Provided data
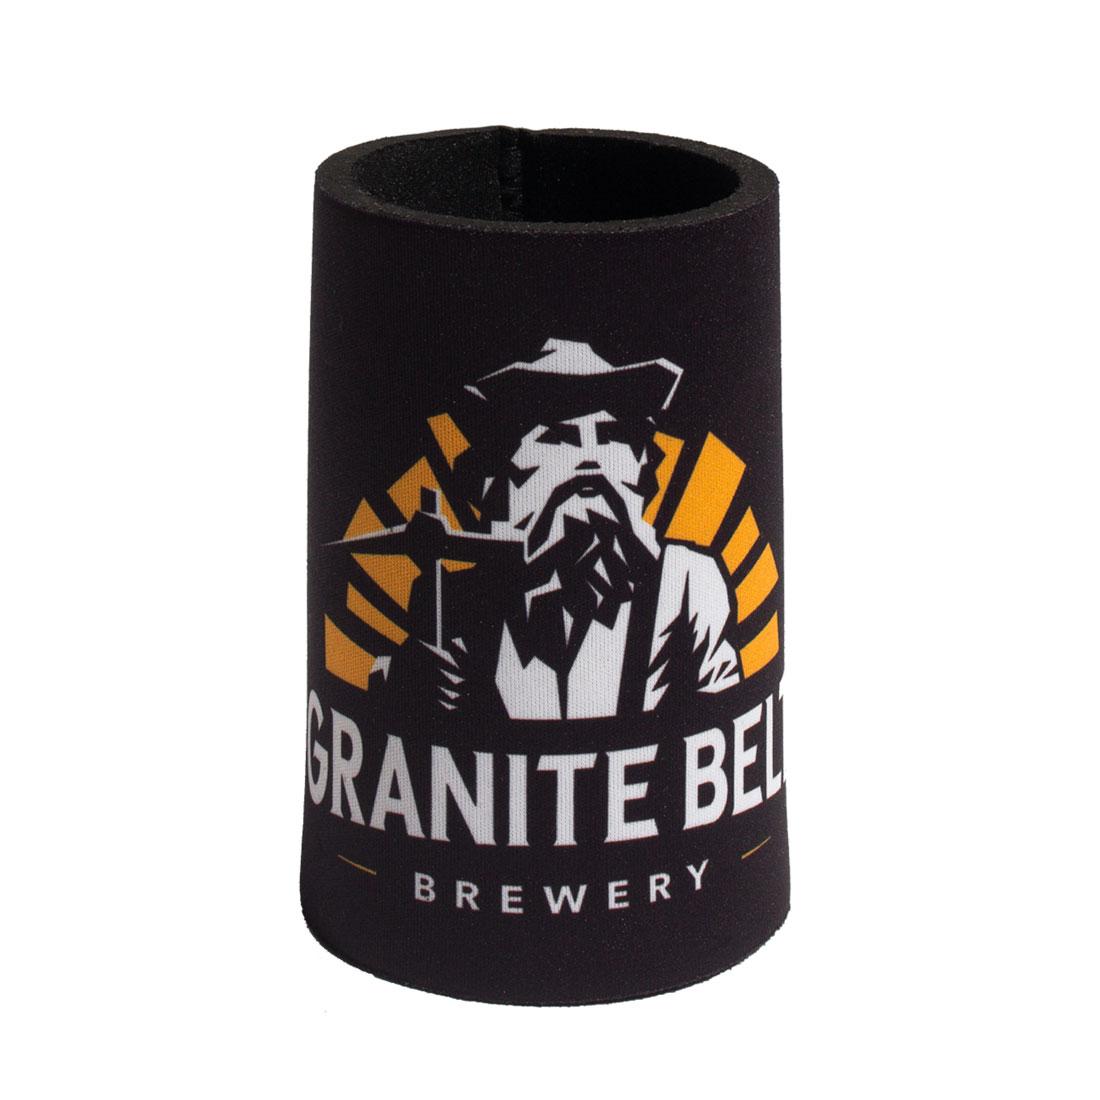 granite belt brewery stubby cooler
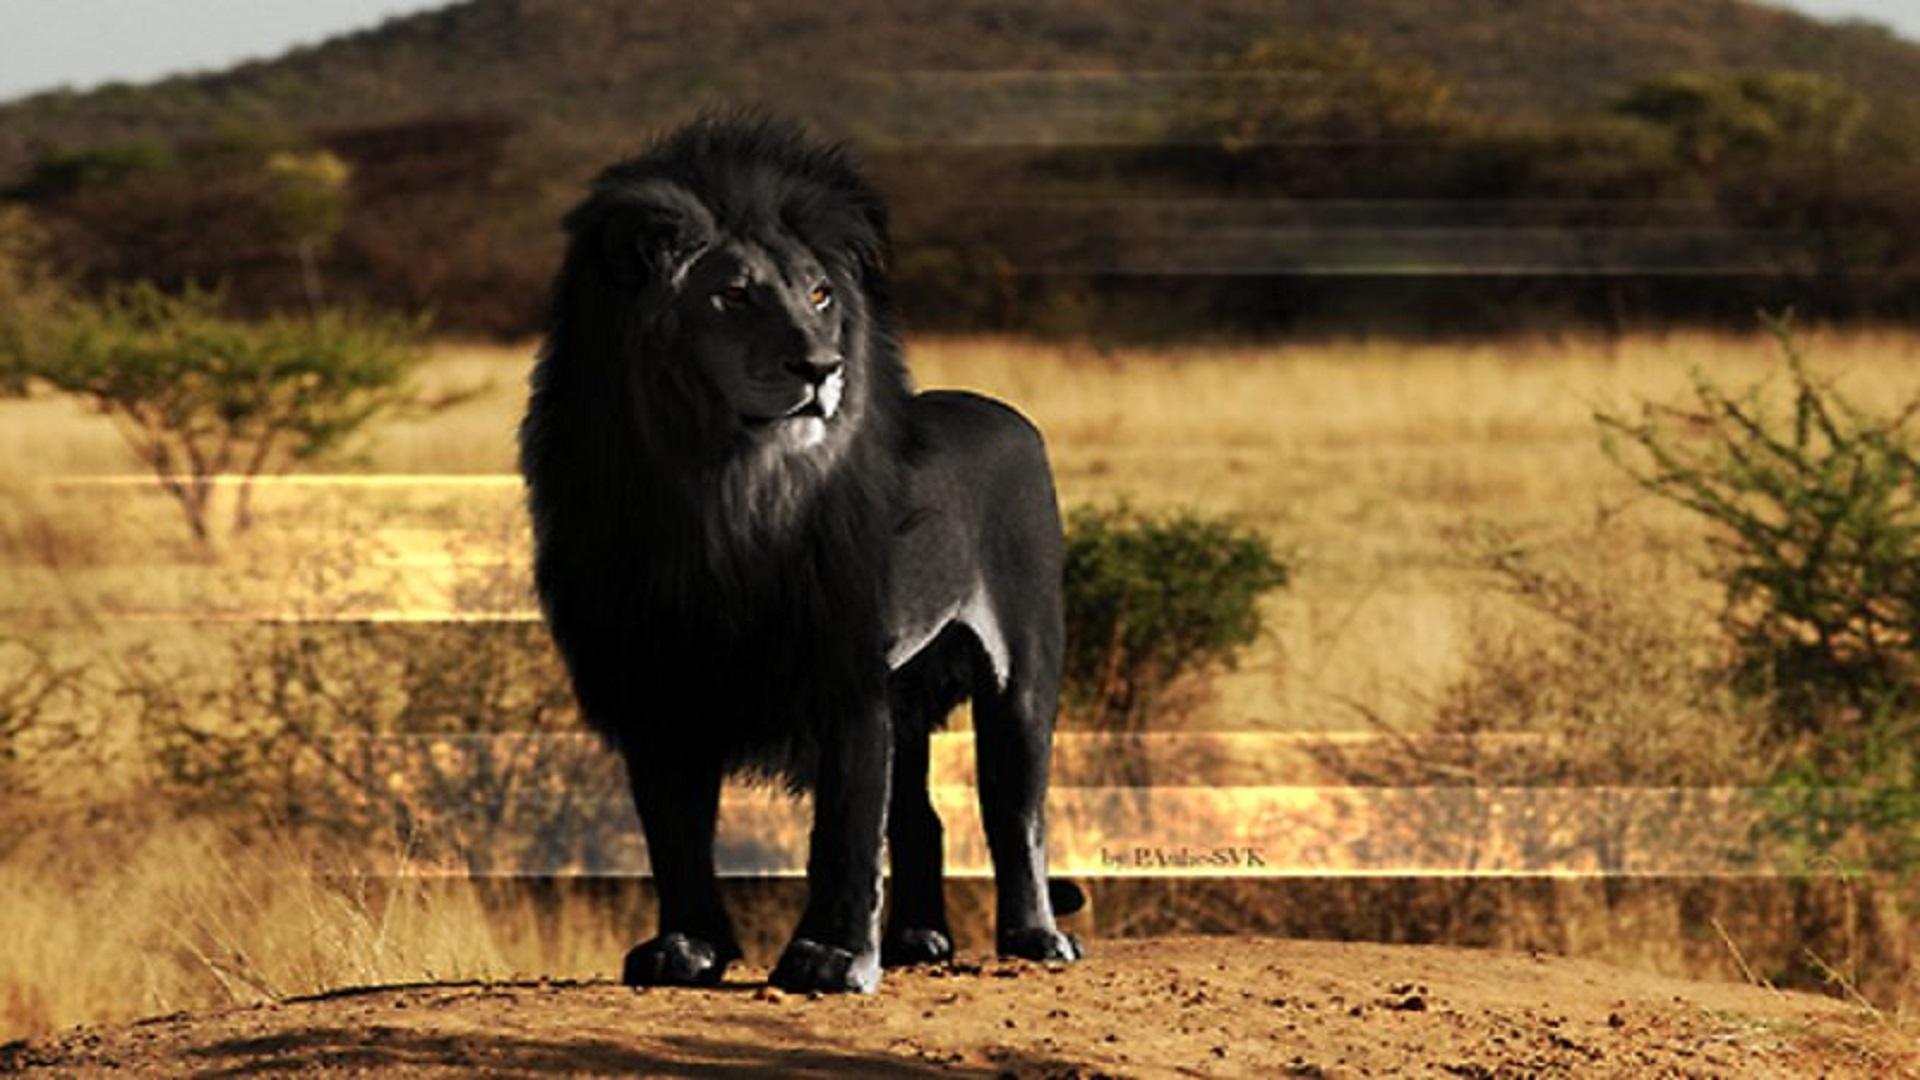 Black African Lion Hd Free Wallpapers For Desktop Hd Wallpaper
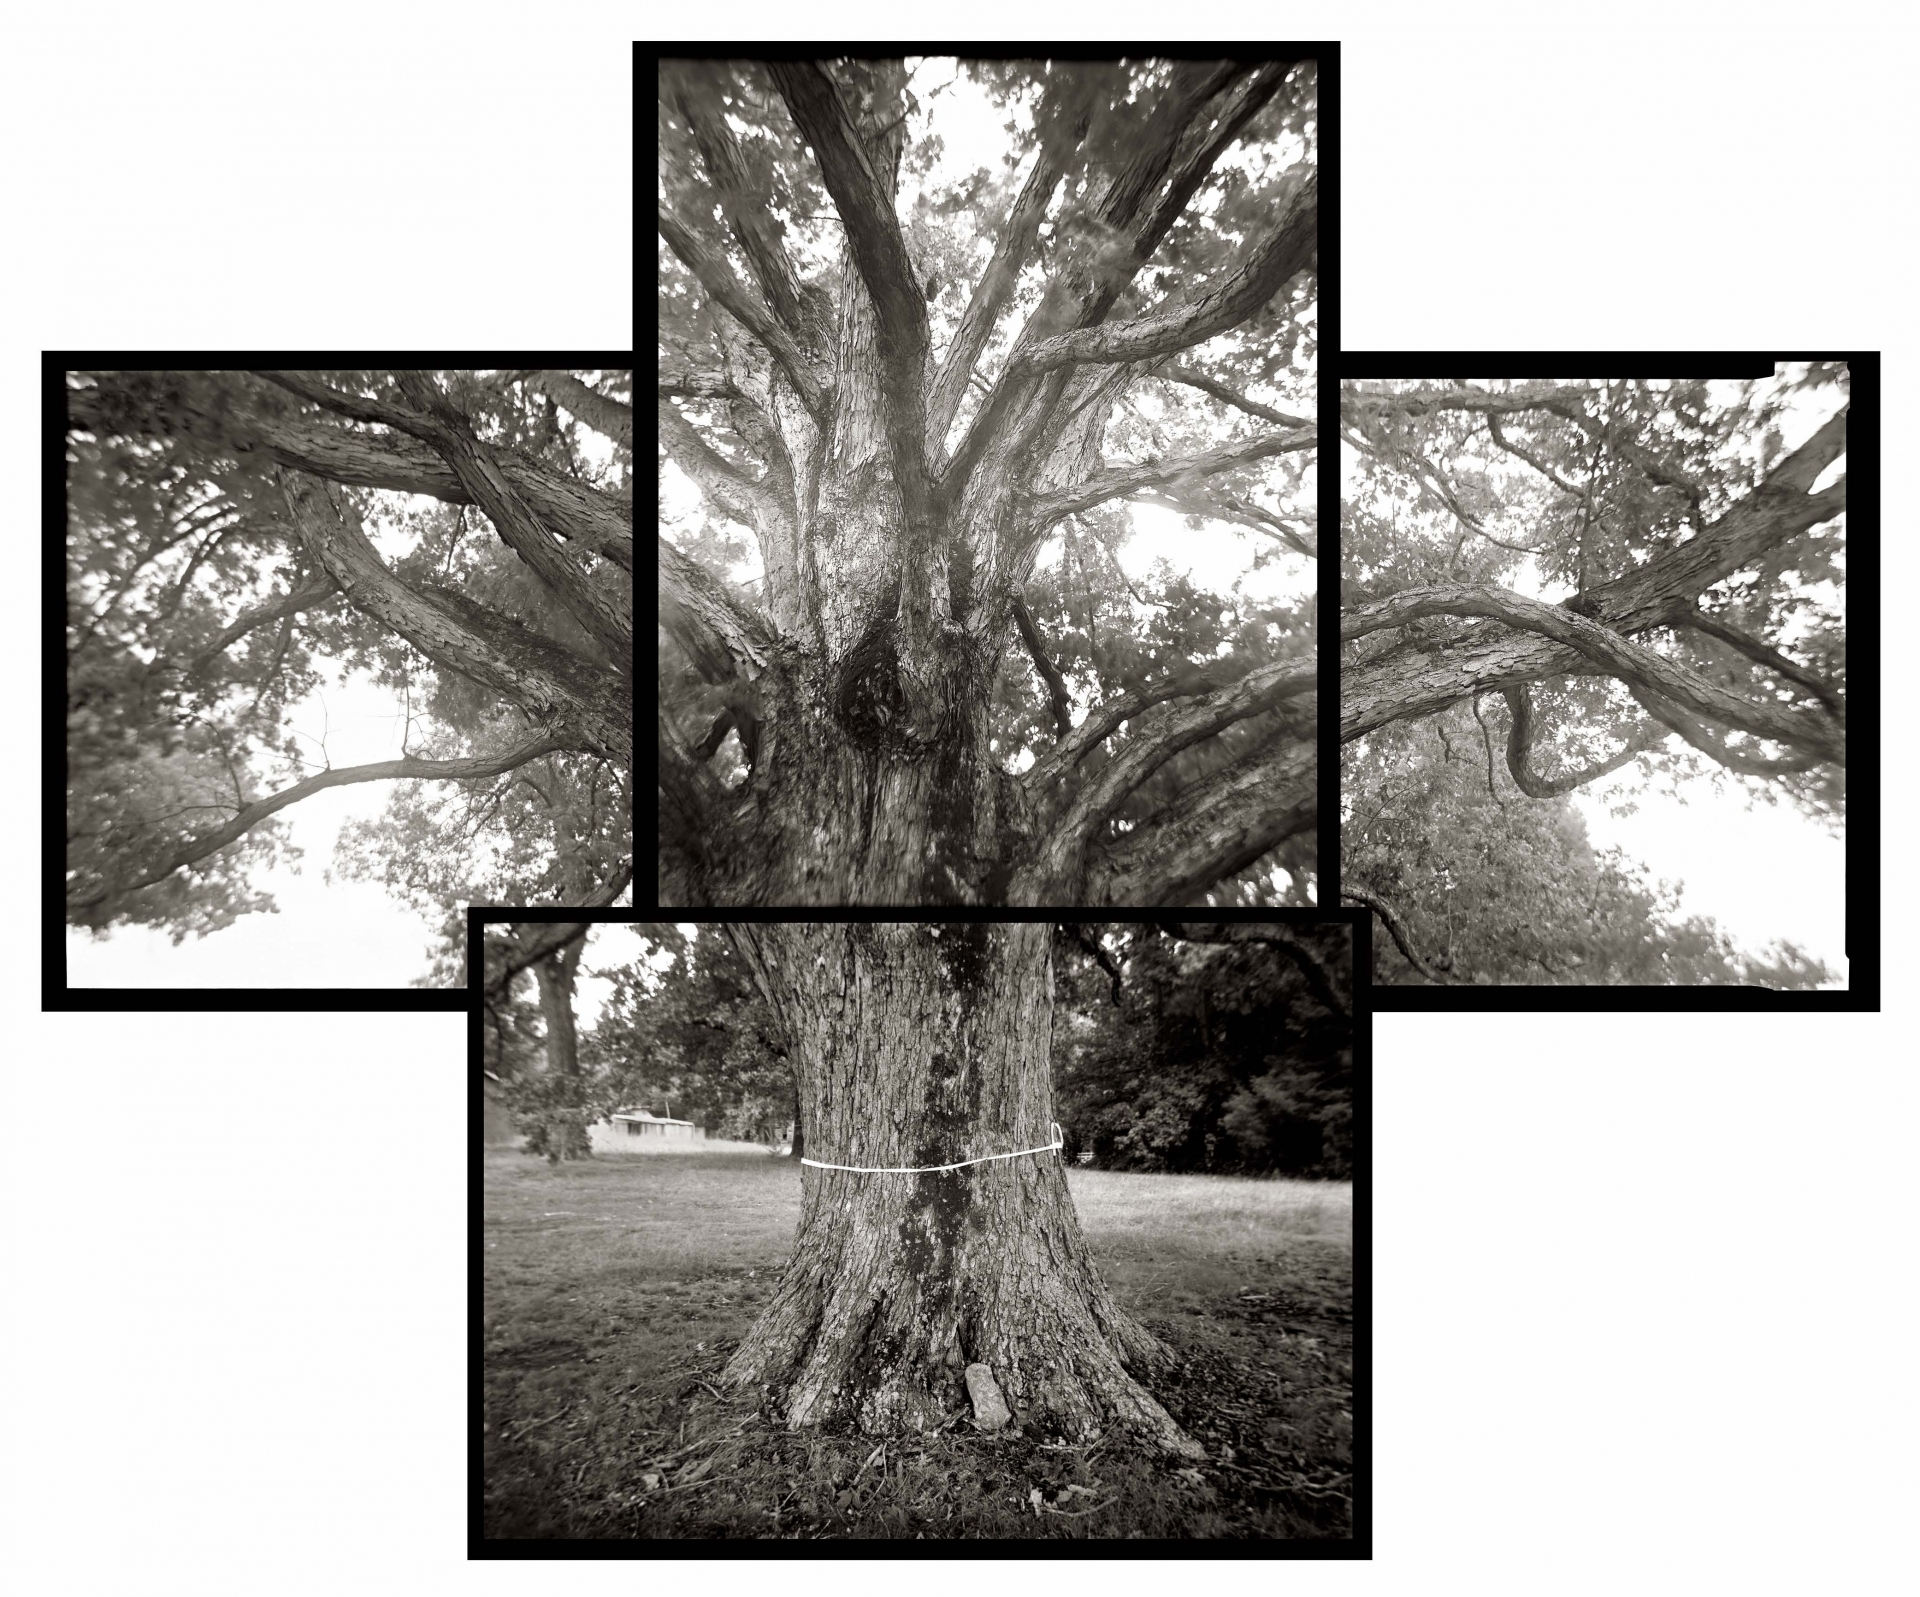 Spared Tree by Linda Foard Roberts

Task objective
Each line of the listing above should be retyped exactly, with no pictures.

Answer to this problem
 granite belt brewery stubby cooler
 Black African Lion Hd Free Wallpapers For Desktop Hd Wallpaper
 Spared Tree by Linda Foard Roberts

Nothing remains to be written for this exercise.